Limitations of the Synthetic Data-Based Model and Its Impact on Generalization Capability
This study utilizes synthetic samples generated via Gurobi optimization as the model training data, which effectively addresses the challenge of scarce real-world demand response labels. When applied to the real-world measurement dataset, the corresponding error metrics of the proposed model increased by 9.41%, 12.67%, and 15.12%, respectively, compared to its performance on the synthetic optimization test set.
The fundamental reason is that the synthetic samples strictly adhere to the ideal physical constraints of electricity cost minimization. Consequently, they cannot replicate the various non-ideal factors present in real-world grid scenarios, including the fluctuation of users’ subjective response willingness, random electricity consumption behaviors, and the influence of environmental factors. However, once a sufficient volume of real-world demand response measurement samples is accumulated in the future, the model can undergo seamless incremental retraining using these real samples without altering the underlying model architecture. With the increasing number of real samples and the continuous enrichment of user response behavior data, the model will progressively learn the non-ideal factors inherent in real-world scenarios, thereby achieving sustained improvements in both forecasting accuracy and generalization capability.
5. Conclusions
Aiming at the problems of lack of group heterogeneity, subjective setting of constraint parameters, shortage of real response labeled samples in the prediction of residential adjustable capacity, and significant prediction deviation of the traditional fixed reduction coefficient method, this paper deeply integrates K-means++ clustering and LSTM time-series prediction model, and constructs a prediction method of residential adjustable capacity considering user profile heterogeneity. The main research conclusions of this paper are as follows:
Based on 7-dimensional load features, including the daily average load, peak-to-valley difference, and the proportion of evening peak load, the K-means++ algorithm is employed to divide residential users into 6 typical electricity consumption groups. The constructed user profile system can effectively characterize the heterogeneity of consumption behaviors, providing a foundation for differentiated forecasting.
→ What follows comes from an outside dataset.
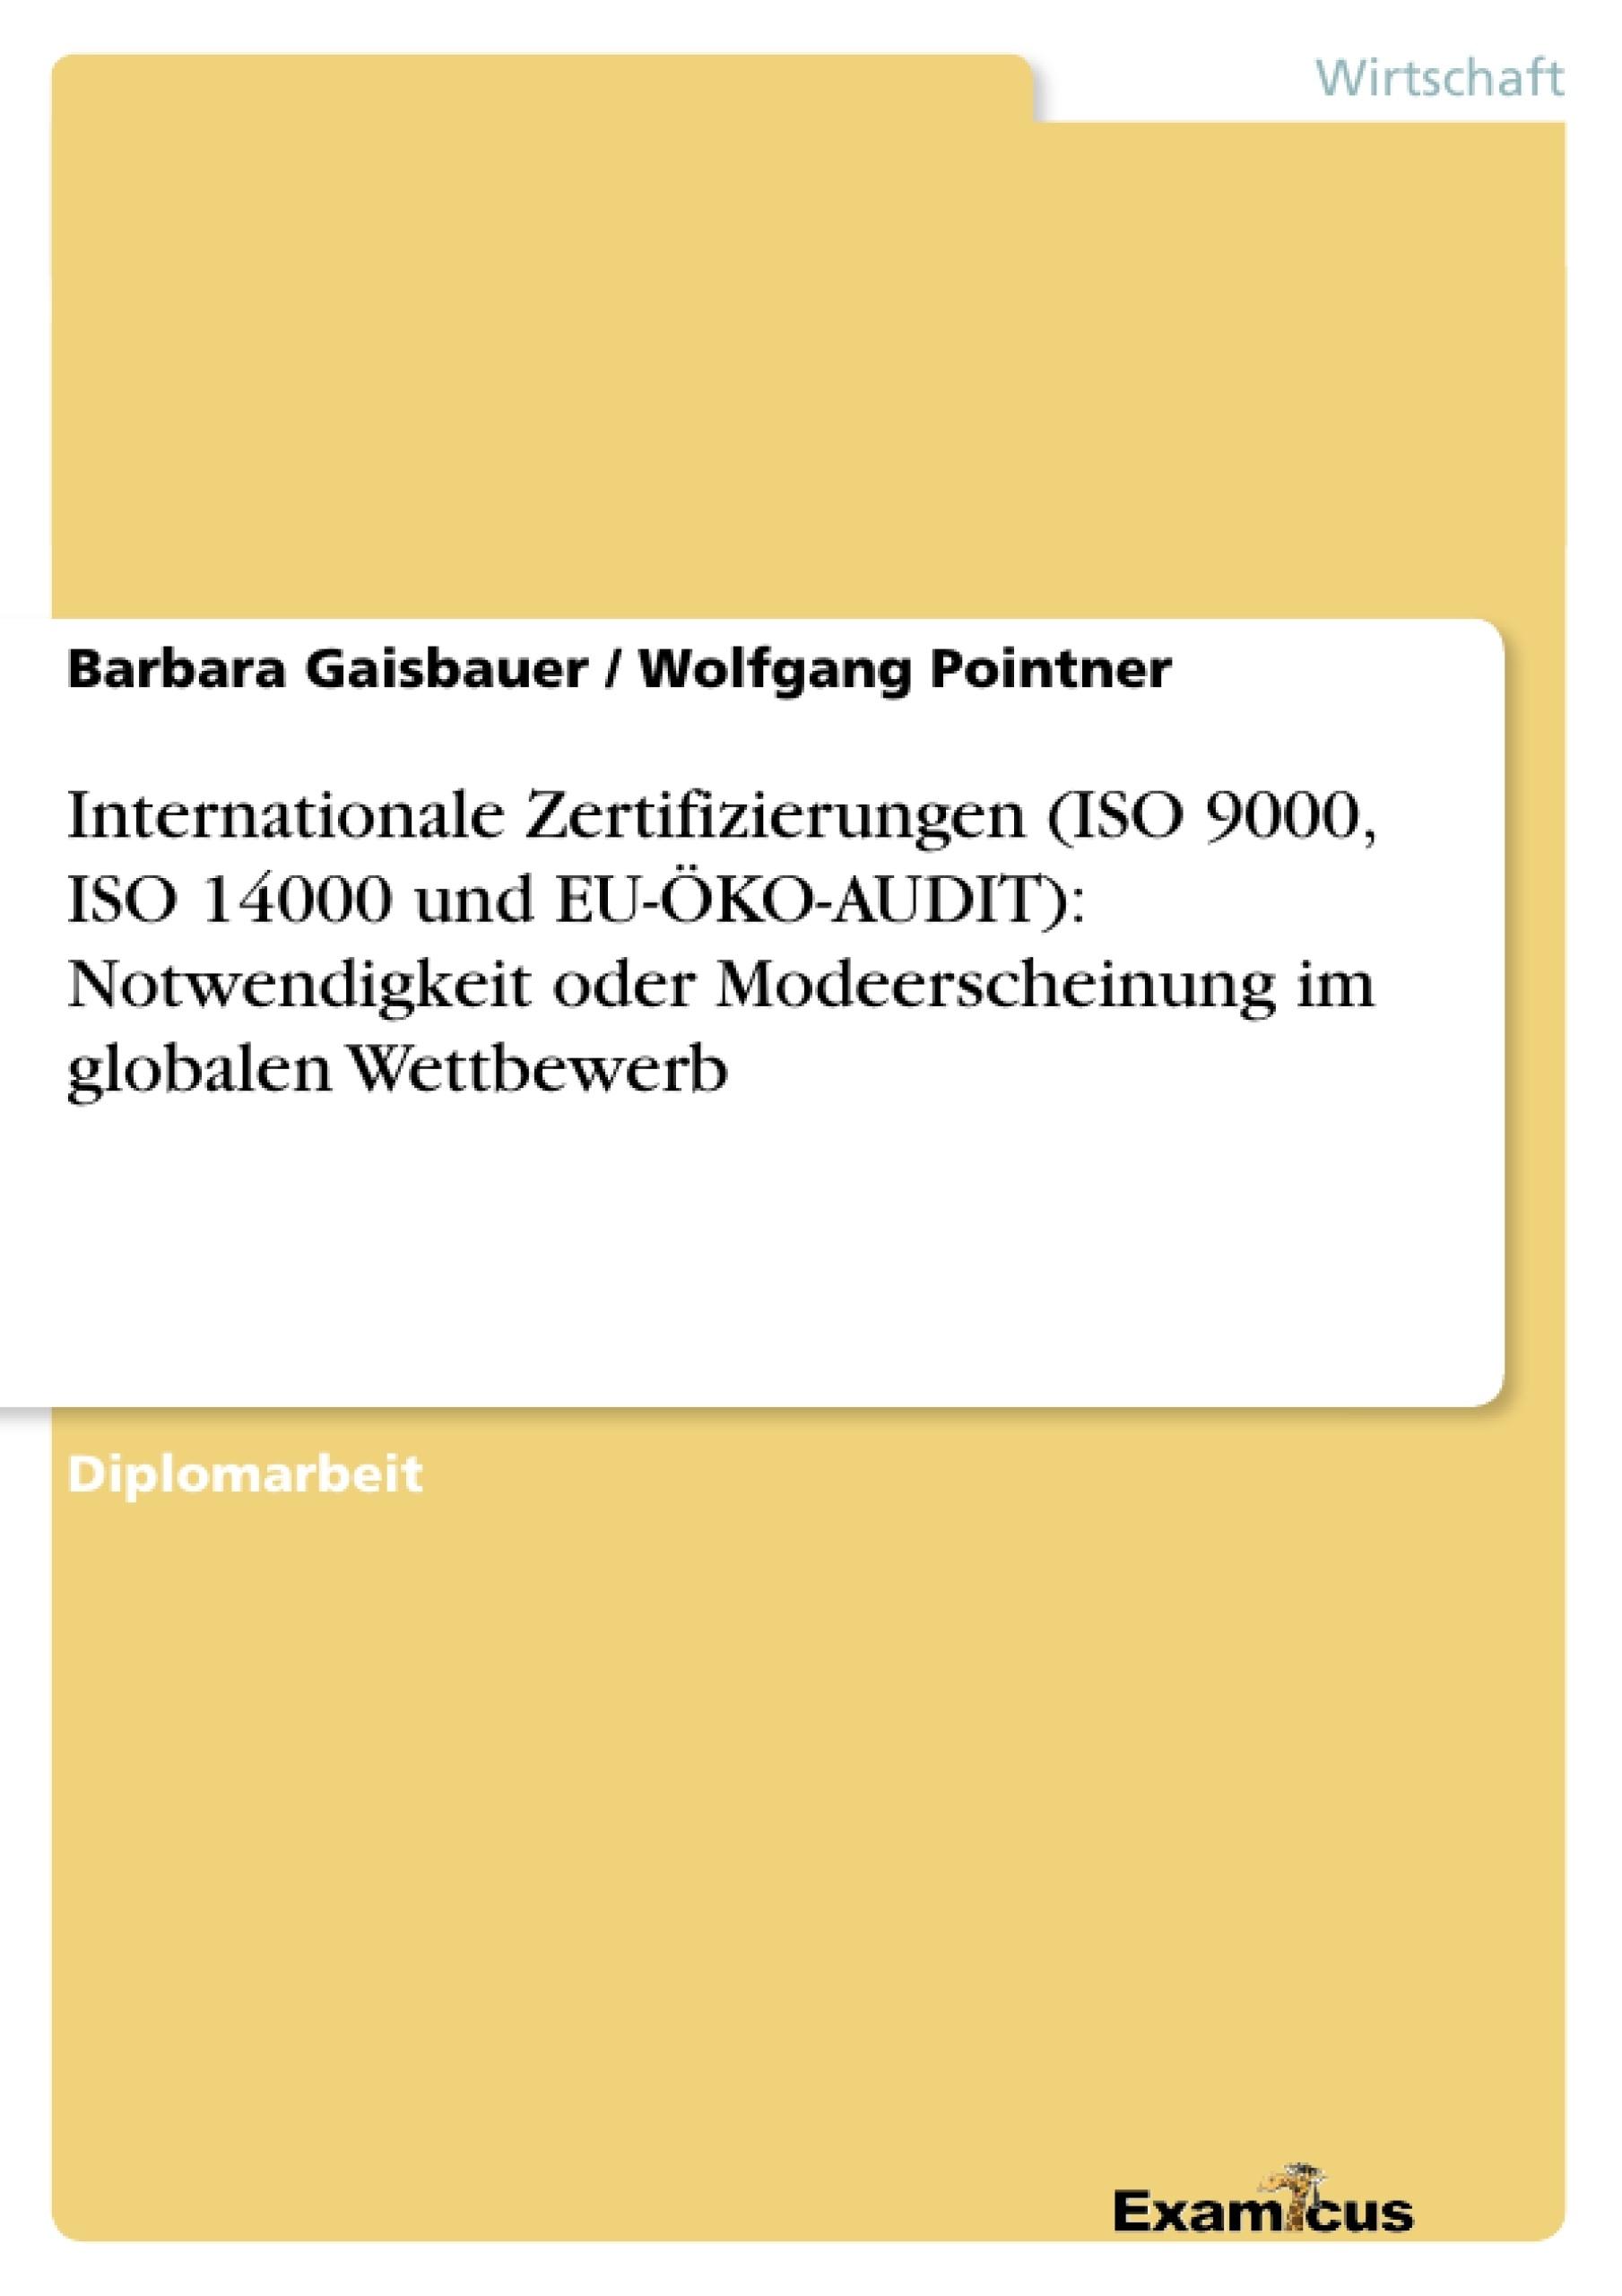 Titel: Internationale Zertifizierungen (ISO 9000, ISO 14000 und EU-ÖKO-AUDIT): Notwendigkeit oder Modeerscheinung im globalen Wettbewerb

The proposed profile-specific constrained sample pool construction method generates high-quality response samples in batches with the objective of electricity cost minimization. This resolves the challenges faced by traditional models regarding the reliance on empirical settings for constraint parameters and the shortage of response samples.
The LSTM forecasting model integrated with user profile labels exhibits outstanding performance, and its prediction accuracy outperforms commonly used heterogeneity-aware methods, namely K-means + SVM and K-means + XGBoost. After introducing the profile labels, the three core accuracy metrics of the model are further improved by 16.29%, 24.52%, and 20.21%, respectively, validating the critical role of profile heterogeneity in enhancing prediction accuracy.
Ultimately, in real-world grid dispatch and market bidding, the practically realizable capacity is inherently constrained by practical engineering factors. Future research will focus on extending this fundamental framework toward practical implementation across three key dimensions: (1) designing privacy-preserving forecasting architectures based on federated learning to guarantee the security of smart meter data; (2) optimizing lightweight, distributed edge-computing algorithms to satisfy the real-time efficiency demands of massive residential scenarios; and (3) integrating behavioral economics models to account for dynamic user participation willingness, thereby bridging the gap between theoretically predicted capacities and actual dispatchable resources.